Start of Recorded data

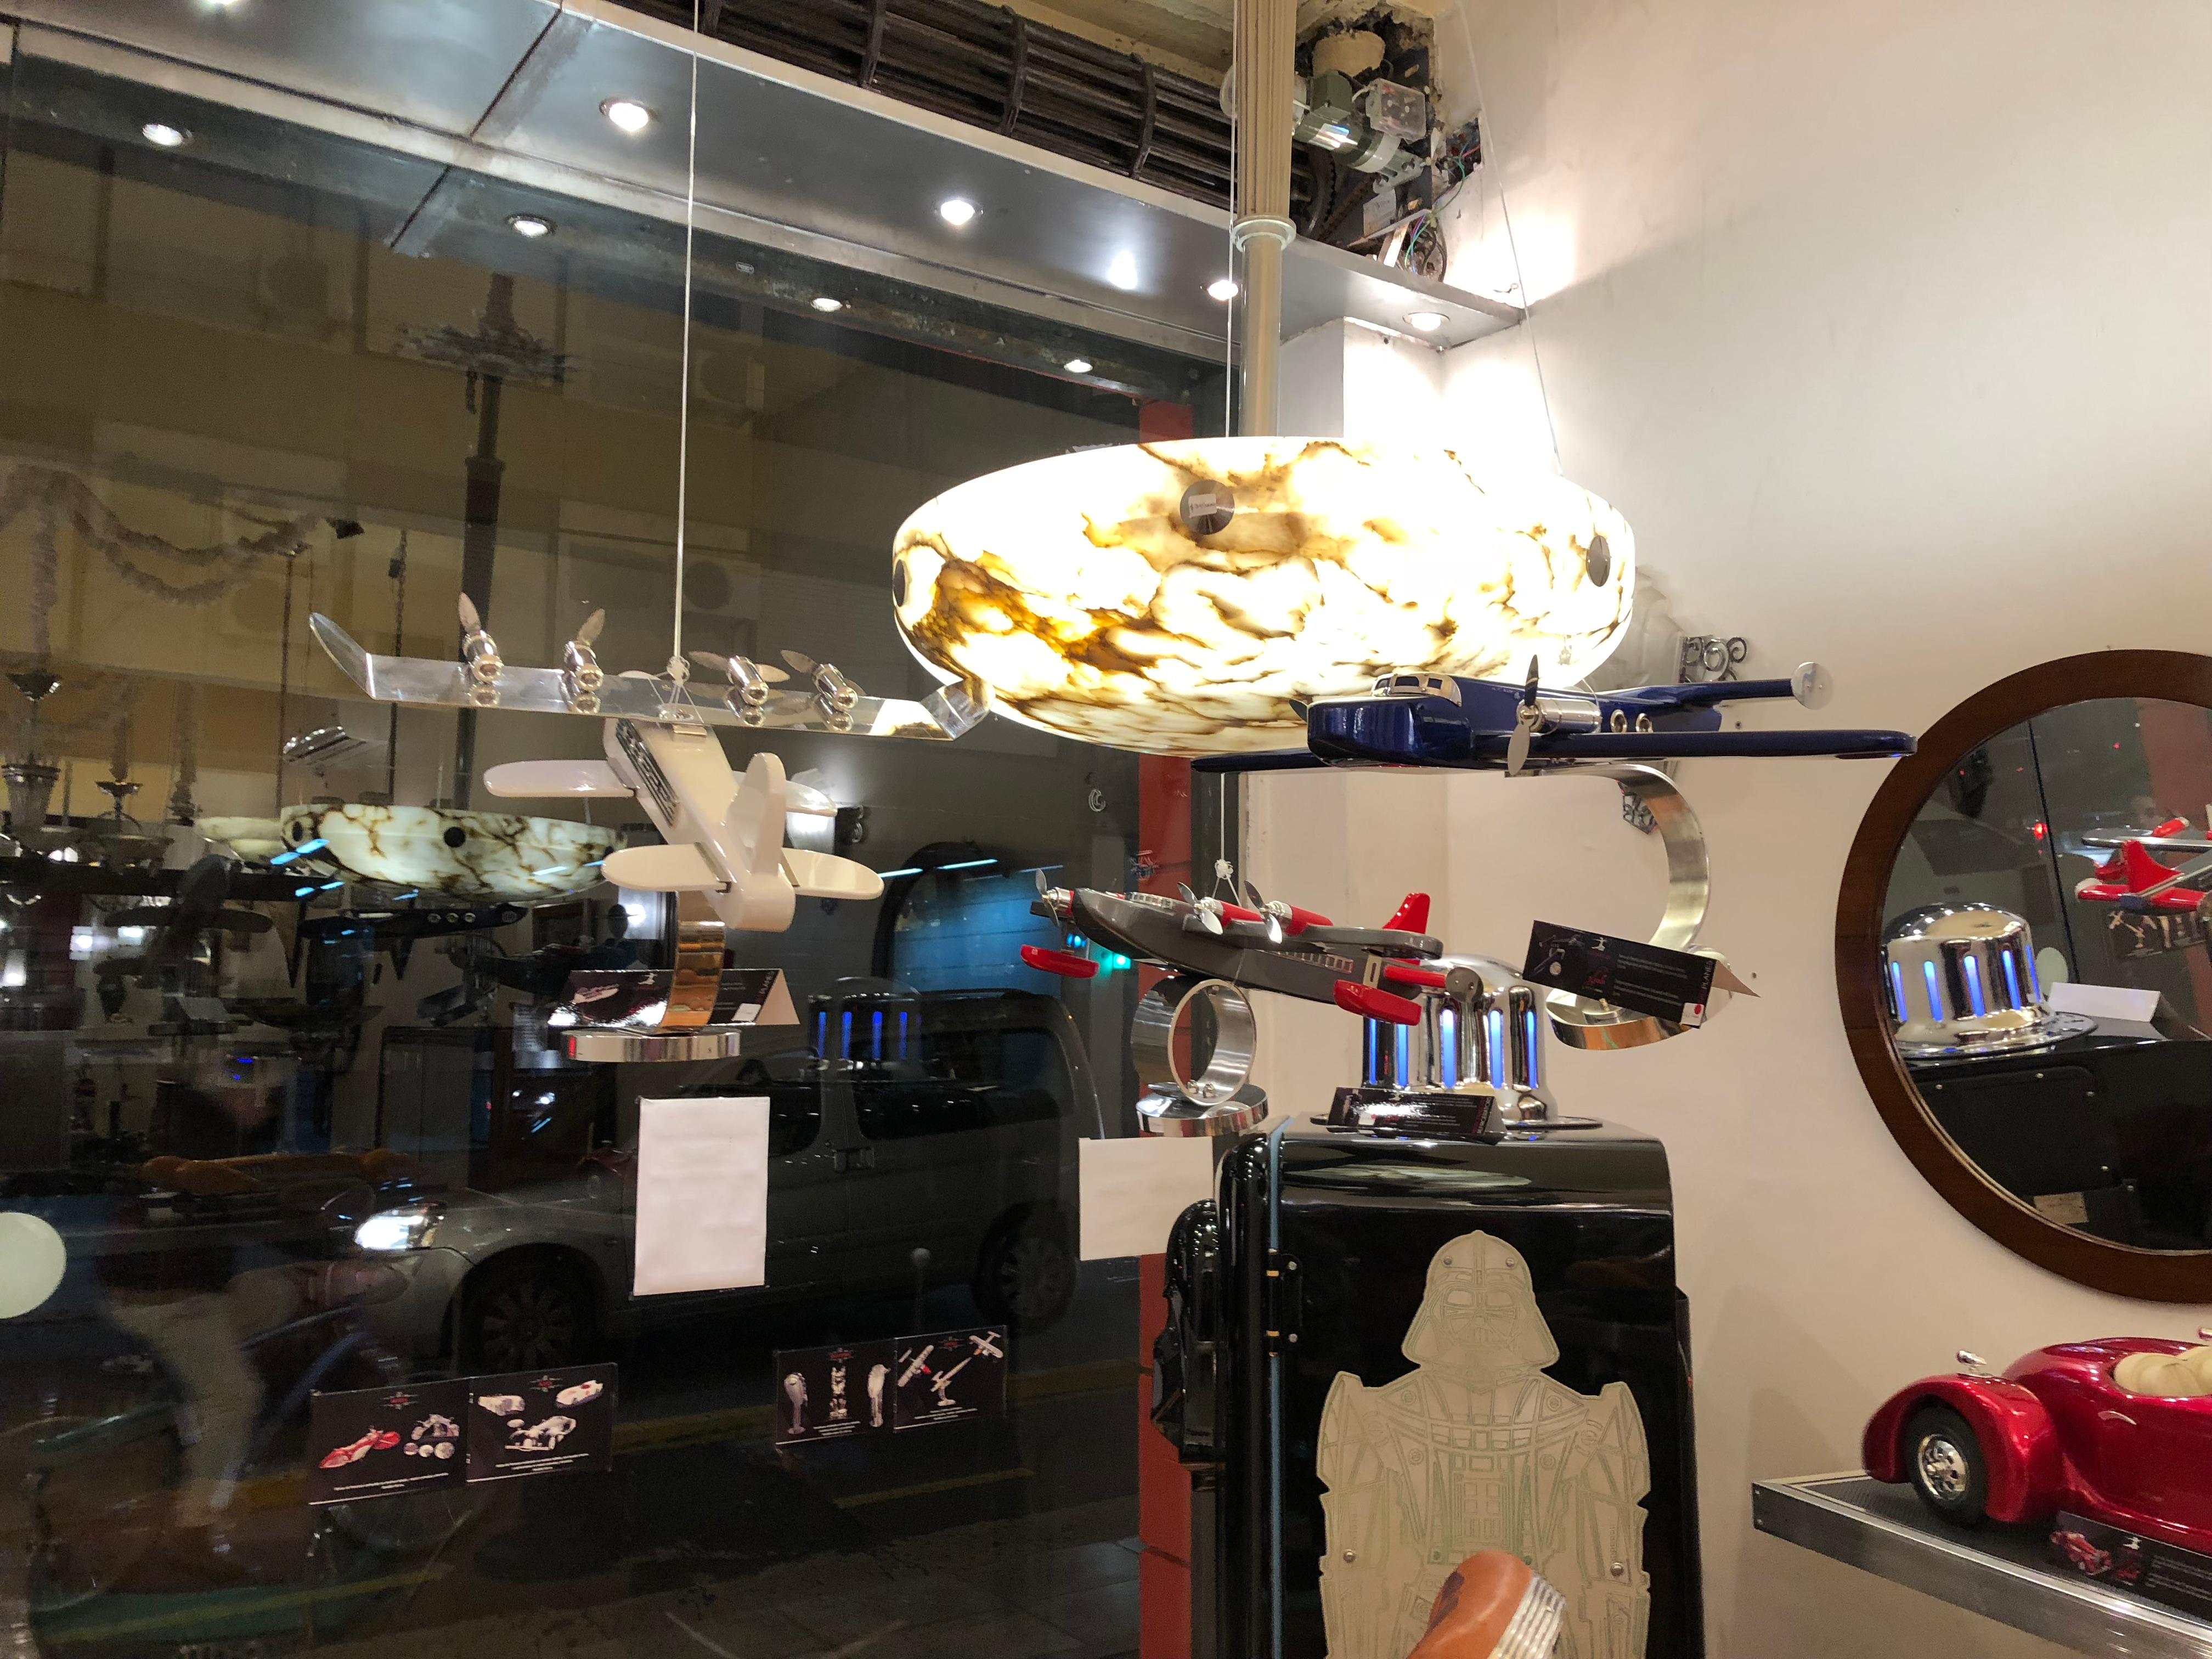 Incredible airplane: in solid wood.
We have specialized in the sale of Art Deco and Art Nouveau and Vintage styles since 1982. If you have any questions we are at your disposal.
Pushing the button that reads 'View All From Seller'. And you can see

End of Recorded data

Action item:
Each line of the listing is to be retyped exactly, and its pictures are to be dropped.

Task result:
 Incredible airplane: in solid wood.
We have specialized in the sale of Art Deco and Art Nouveau and Vintage styles since 1982. If you have any questions we are at your disposal.
Pushing the button that reads 'View All From Seller'. And you can see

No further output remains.